Gen-Mais:Was erlaubt ist, muss nicht gefallen

Die EU hat den Anbau von Gen-Mais gestattet - in vielen Ländern der Union aber will man ihn auf den Feldern nicht sehen.

Cornelia Bolesch

Ein dickes Gesetzespaket aus Brüssel regelt seit vier Jahren den Umgang mit gentechnisch veränderten Futter-und Lebensmitteln. Und es lässt dabei kaum Fragen offen. Sollte aber jemand geglaubt haben, dieser bürokratische Akt werde Frieden auf den Äckern herstellen, so hätte er sich grob getäuscht. Trotz aller Regeln wird in Europa der Glaubenskrieg um die Gentechnik weitergeführt. Darin sind nicht nur Umweltschützer und Biobauern, sondern auch die Politiker verstrickt. Die EU-Kommission aber, die den Umgang mit der grünen Gentechnik managen muss, gerät immer mehr in die Defensive.

Gen-Mais: Ein Aktivist der Umweltschutz-Organisation Greenpeace schneidet auf einem Feld bei Riedstadt in Hessen die Blüten von gentechnisch veränderten Maispflanzen ab, um Pollenflug in ein benachbartes Naturschutzgebiet zu verhindern.

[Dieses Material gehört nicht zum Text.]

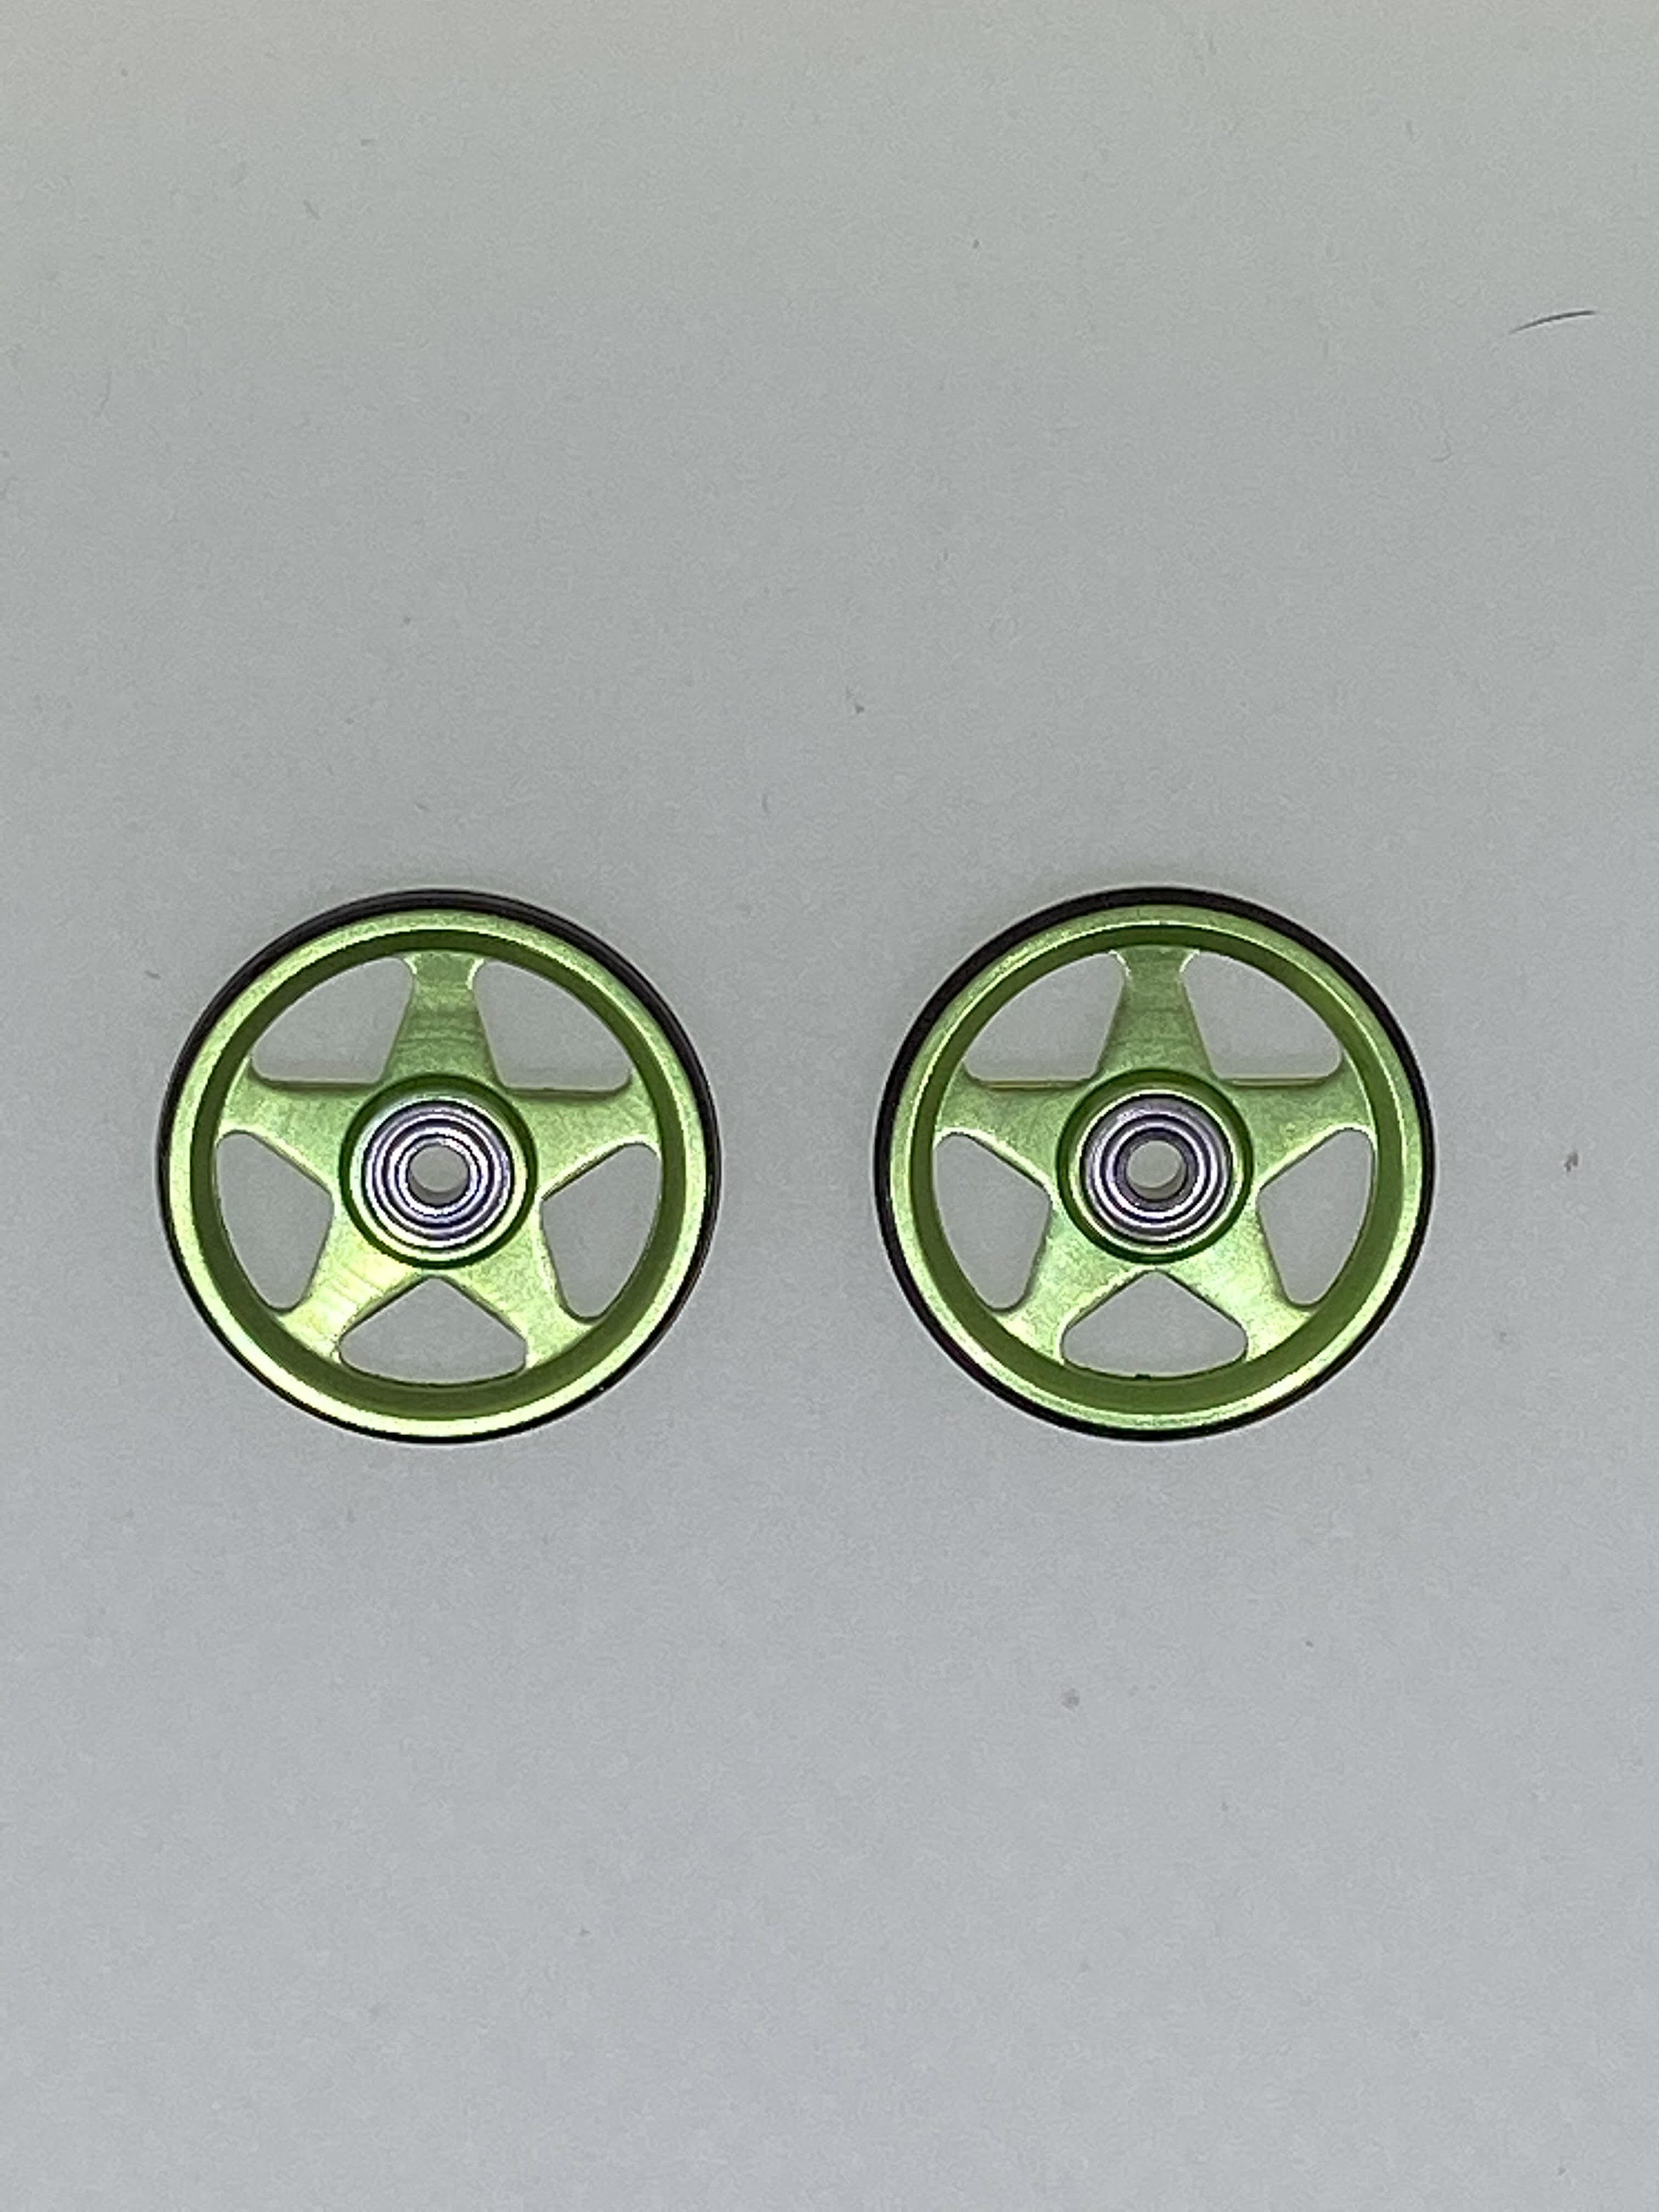 IKT加工ローラー 5本スポーク 緑/黒

Ein Aktivist der Umweltschutz-Organisation Greenpeace schneidet auf einem Feld bei Riedstadt in Hessen die Blüten von gentechnisch veränderten Maispflanzen ab, um Pollenflug in ein benachbartes Naturschutzgebiet zu verhindern.

(Foto: Foto: dpa)

Im Mittelpunkt des Streits steht eine vom amerikanischen Multi Monsanto produzierte Maissorte mit der Seriennummer 810 (Mon810). Ihr besonderes Merkmal ist die eingefügte Erbsubstanz eines Bazillus, mit dessen Hilfe gegen den Hauptschädling der Pflanze, die Raupen eines Schmetterlings mit Namen Maiszünsler, ein Gift freigesetzt wird. Mon810 ist die einzige genmanipulierte Pflanze, die in der Europäischen Union großräumig angebaut wird. In Spanien werden es bald 100 000 Hektar sein.

In Frankreich nimmt dieser moderne Mais viel weniger Platz ein, nämlich nur 22 000 Hektar. Sehr viel mehr dürften es erst einmal nicht werden, denn Frankreich hat den Anbau von Mon810 bis auf weiteres verboten. Premier François Fillon begründete den Schritt mit "schwerwiegenden Bedenken" französischer Wissenschaftler. Der Wind trage die Maispollen mehr als 100 Kilometer weit. Außerdem werde durch das eingebaute Gift nicht nur der Maiszünsler, sondern auch der wertvolle Bodenwurm bedroht.

EU-Kommission steckt in einem Dilemma

Frankreich beruft sich bei seinem Verbot auf eine "nationale Schutzklausel" im EU-Recht. Die Mitgliedsstaaten dürfen danach europaweit zugelassene Gen-Pflanzen in ihrem eigenen Hoheitsgebiet verbieten, falls sie Gesundheit oder Umwelt ernsthaft bedroht sehen. Frankreich ist nicht das erste Land, das so handelt. Auch Österreich, Ungarn, Griechenland, Polen und die Slowakei berufen sich auf die Schutzklausel. Auch Deutschland hat das unter der rot-grünen Bundesregierung getan. Landwirtschaftsminister Horst Seehofer ließ jedoch den Anbau von Mon810 wieder zu. Der CSU-Politiker fühlte sich dabei aber so unwohl, dass er kürzlich in Brüssel verlangte, alle EU-Genehmigungen für gentechnisch veränderte Pflanzen müssten zunächst gestoppt werden. Das Verfahren sei "hoch unbefriedigend". Die EU-Kommission steckt in einem Dilemma. Ihre eigene Lebensmittelbehörde hat Mon810 genehmigt. Dennoch wird der Mais in immer mehr Ländern der Europäischen Union abgelehnt.

Die Kommission kann dagegen nur einschreiten, wenn sich eine Mehrheit der andern EU-Staaten auf ihre Seite stellt. Das war bisher nicht der Fall. Gleichzeitig drohen die USA, Kanada und Australien der EU wegen der Schutzklauseln milliardenschwere Strafzölle an und haben dafür die Rückendeckung der Welthandelsorganisation WTO.

"Alle sind gegen uns", bilanziert die Sprecherin von Umweltkommissar Stavros Dimas. Aber selbst der sperrt sich nun gegen die Zulassung von zwei weiteren Maissorten anderer Bio-Firmen. Bald werden die Kommissare, wie man hört, eine "Orientierungsdebatte" über die ungemütliche Lage führen. Man könnte es auch Krisensitzung nennen.